February 23, 2001
Norway, which heads the UN's sanctions committee on Iraq, says the UN Security Council is sympathetic to a partial lifting of sanctions against Iraq, Foreign Minister Thorbjoern Jagland said Friday. Jagland told Norway's NRK radio that a proposal it had put forward had received a "positive" reception from the permanent members of the Security Council: Britain, China, France, Russia and the United States.
"This proposal for the lifting of certain sanctions that affect the Iraqi population" comes after an analysis by the Norwegian foreign ministry of all requests to send goods to Iraq, Jagland told Norway's NRK radio. Some of those export denials were unjustified, he added.

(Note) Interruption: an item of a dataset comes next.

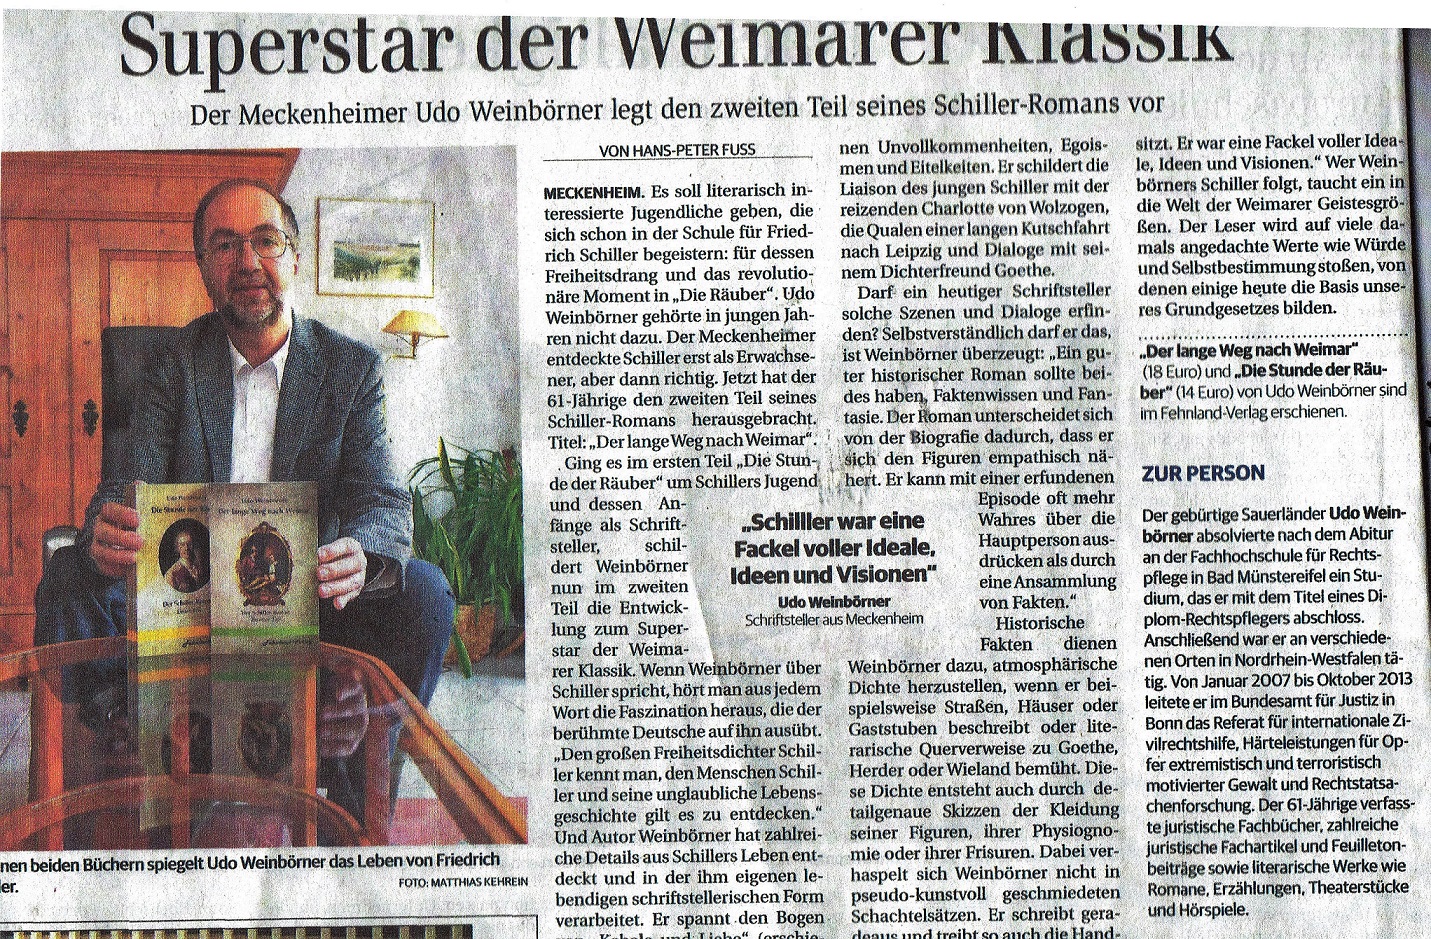 Artikel General Anzeiger 7.11.2020 Roman Der lange Weg nach Weimar von Udo Weinbörner Ausschnitt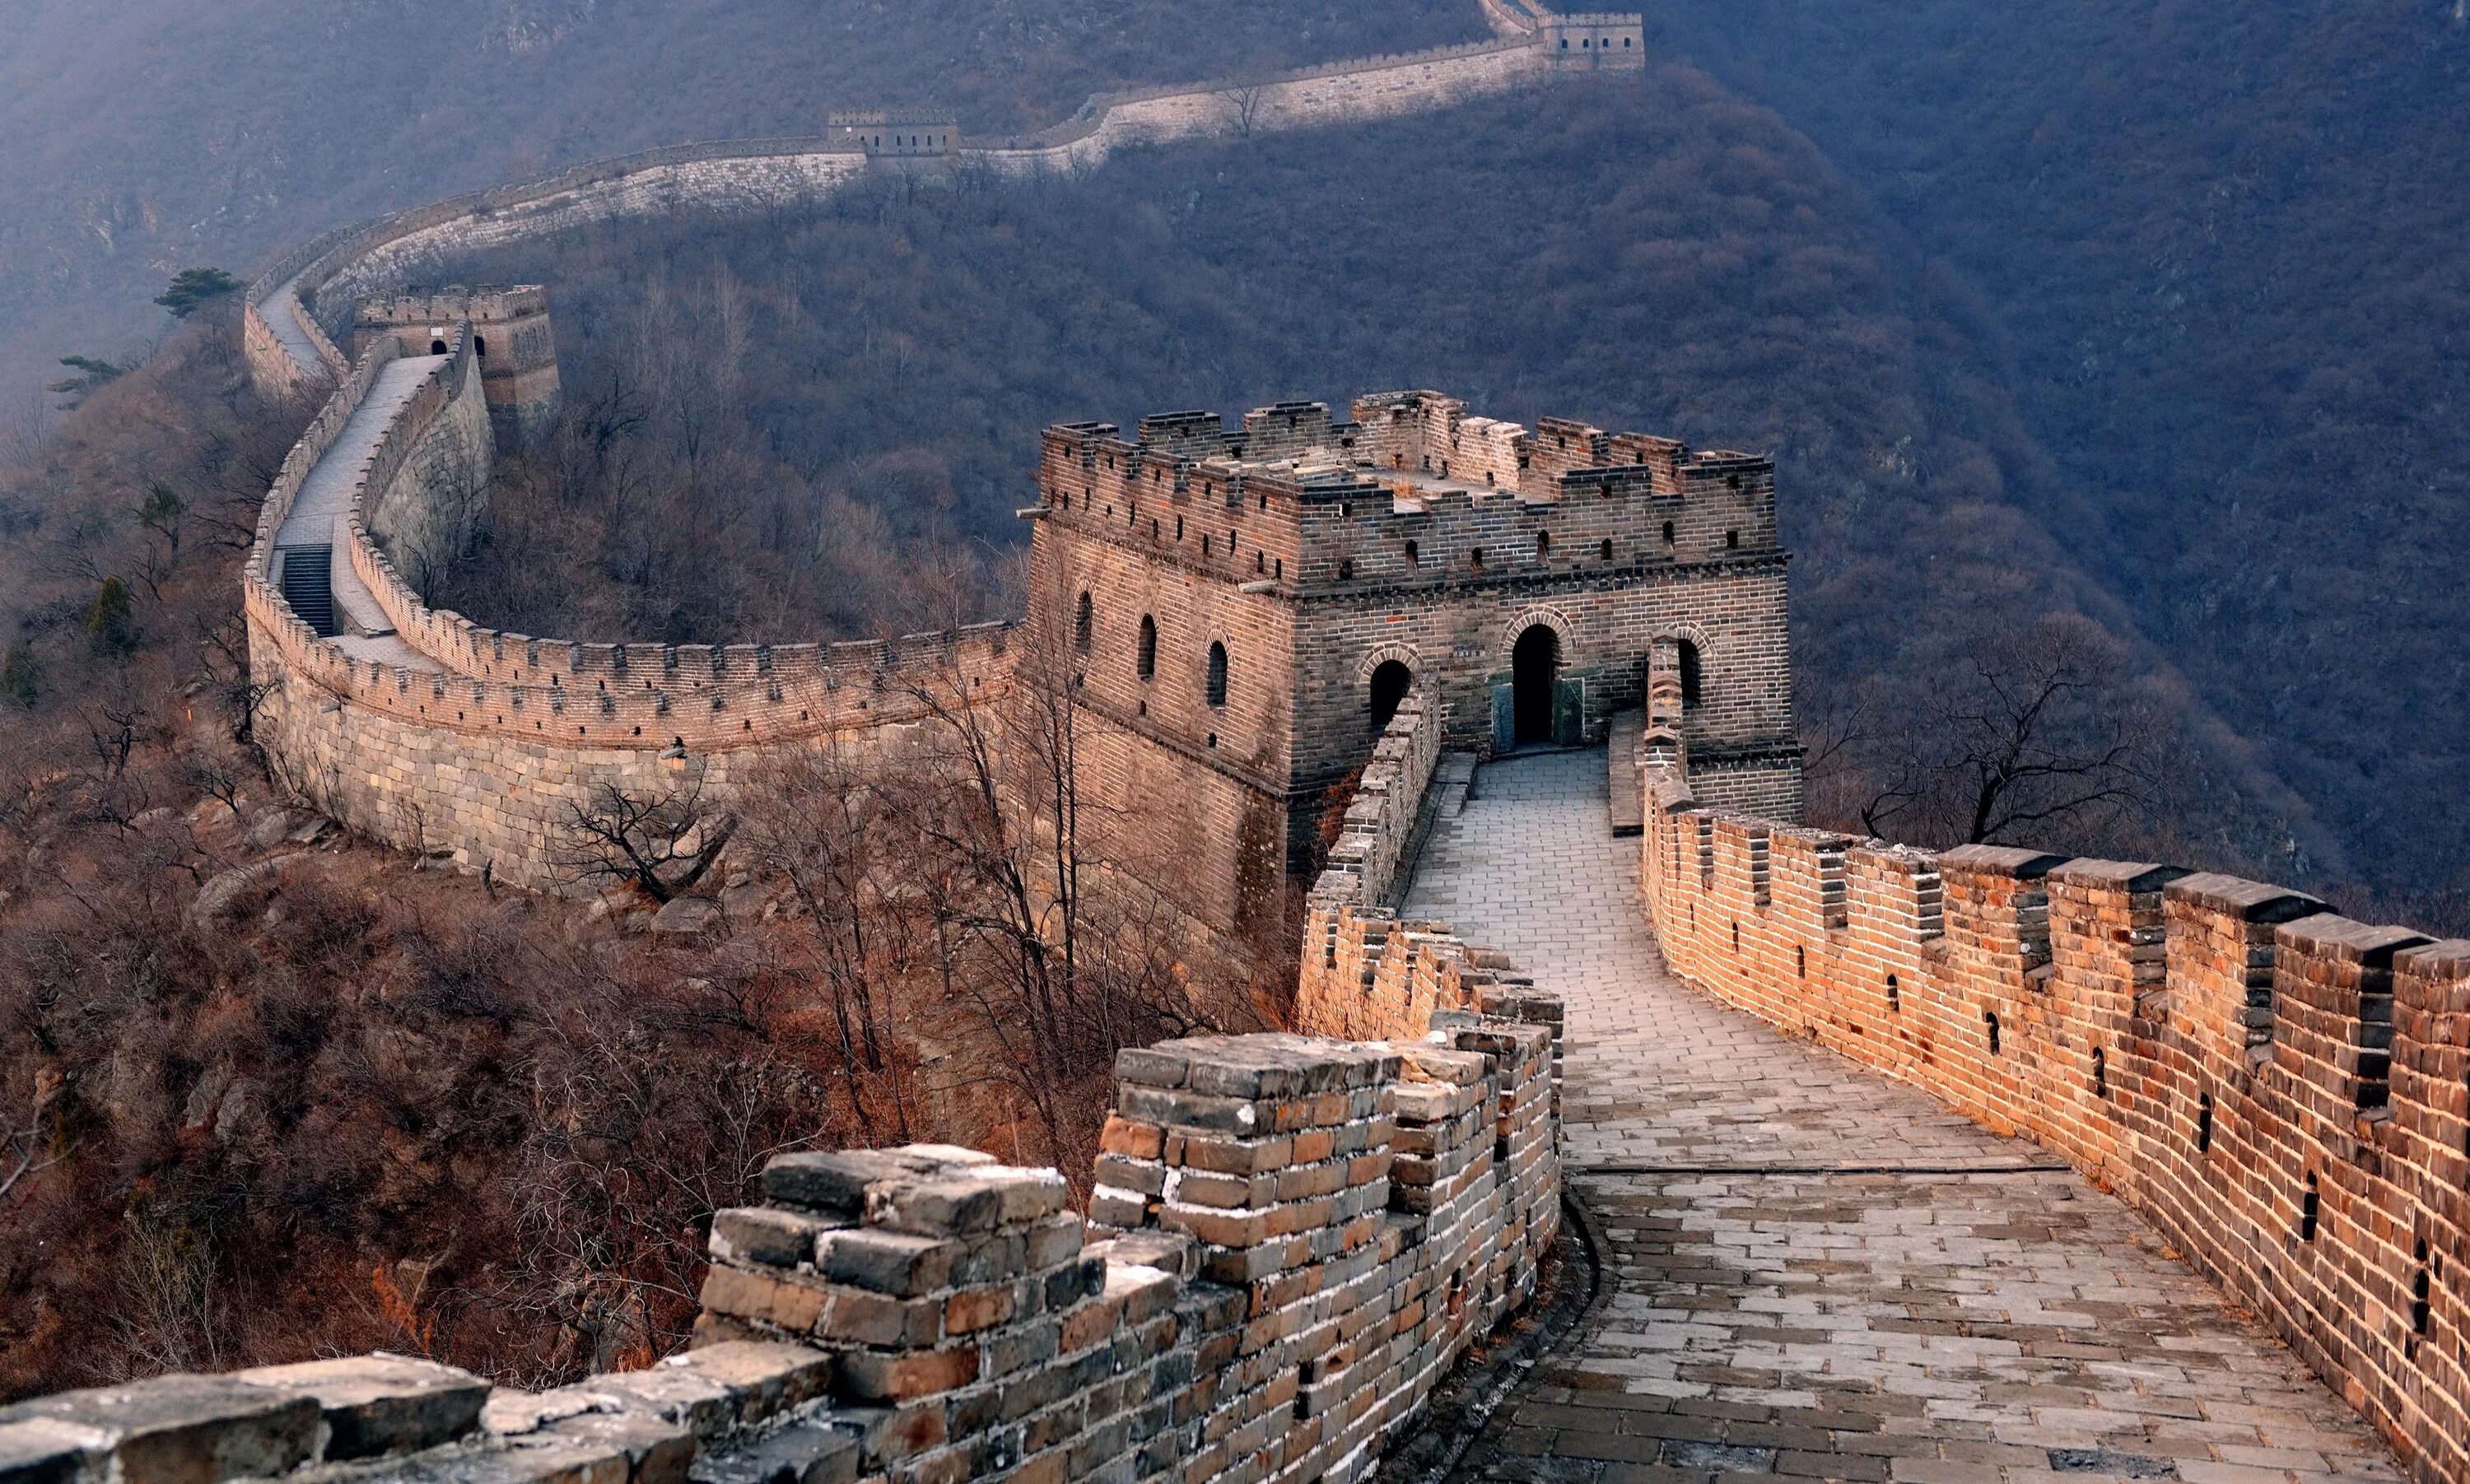 Китайская стена достопримечательность. Великая китайская стена Пекин. Великая китайская стена цинхай. Участок Великой китайской стены Мутяньюй, Пекин, Китай. Бойницы китайской стены.

According to NRK, the proposal is to lift 80 percent of the sanctions in place against Iraq since the end of the Gulf War in 1991. Only measures banning the import of any equipment that Iraq could use to rebuild its arsenal would remain in place. Iraq banned UN weapons inspectors from its territory after they were evacuated in September 1998 just before US-British air strikes punished Iraq's obstruction of the inspection work.
An existing Security Council resolution offers a renewable suspension of sanctions in return for Baghdad's full cooperation with a new disarmament regime. "If the inspectors were once more allowed to travel to Iraq and if checks could be carried out regularly, the sanctions could thus be completely lifted," said Jagland. Jagland and French Foreign Minister Hubert Vedrine both said on Thursday that the sanctions regime should be revised.
It has come under growing scrutiny because of the effect is perceived to be having on the Iraqi civilian population.
Norway also heads the United Nations commission that oversees Iraq's compensation payments to Kuwait for damage caused during the Gulf War.
The payments come from a 25 percent levy on Iraqi oil revenues under UN control.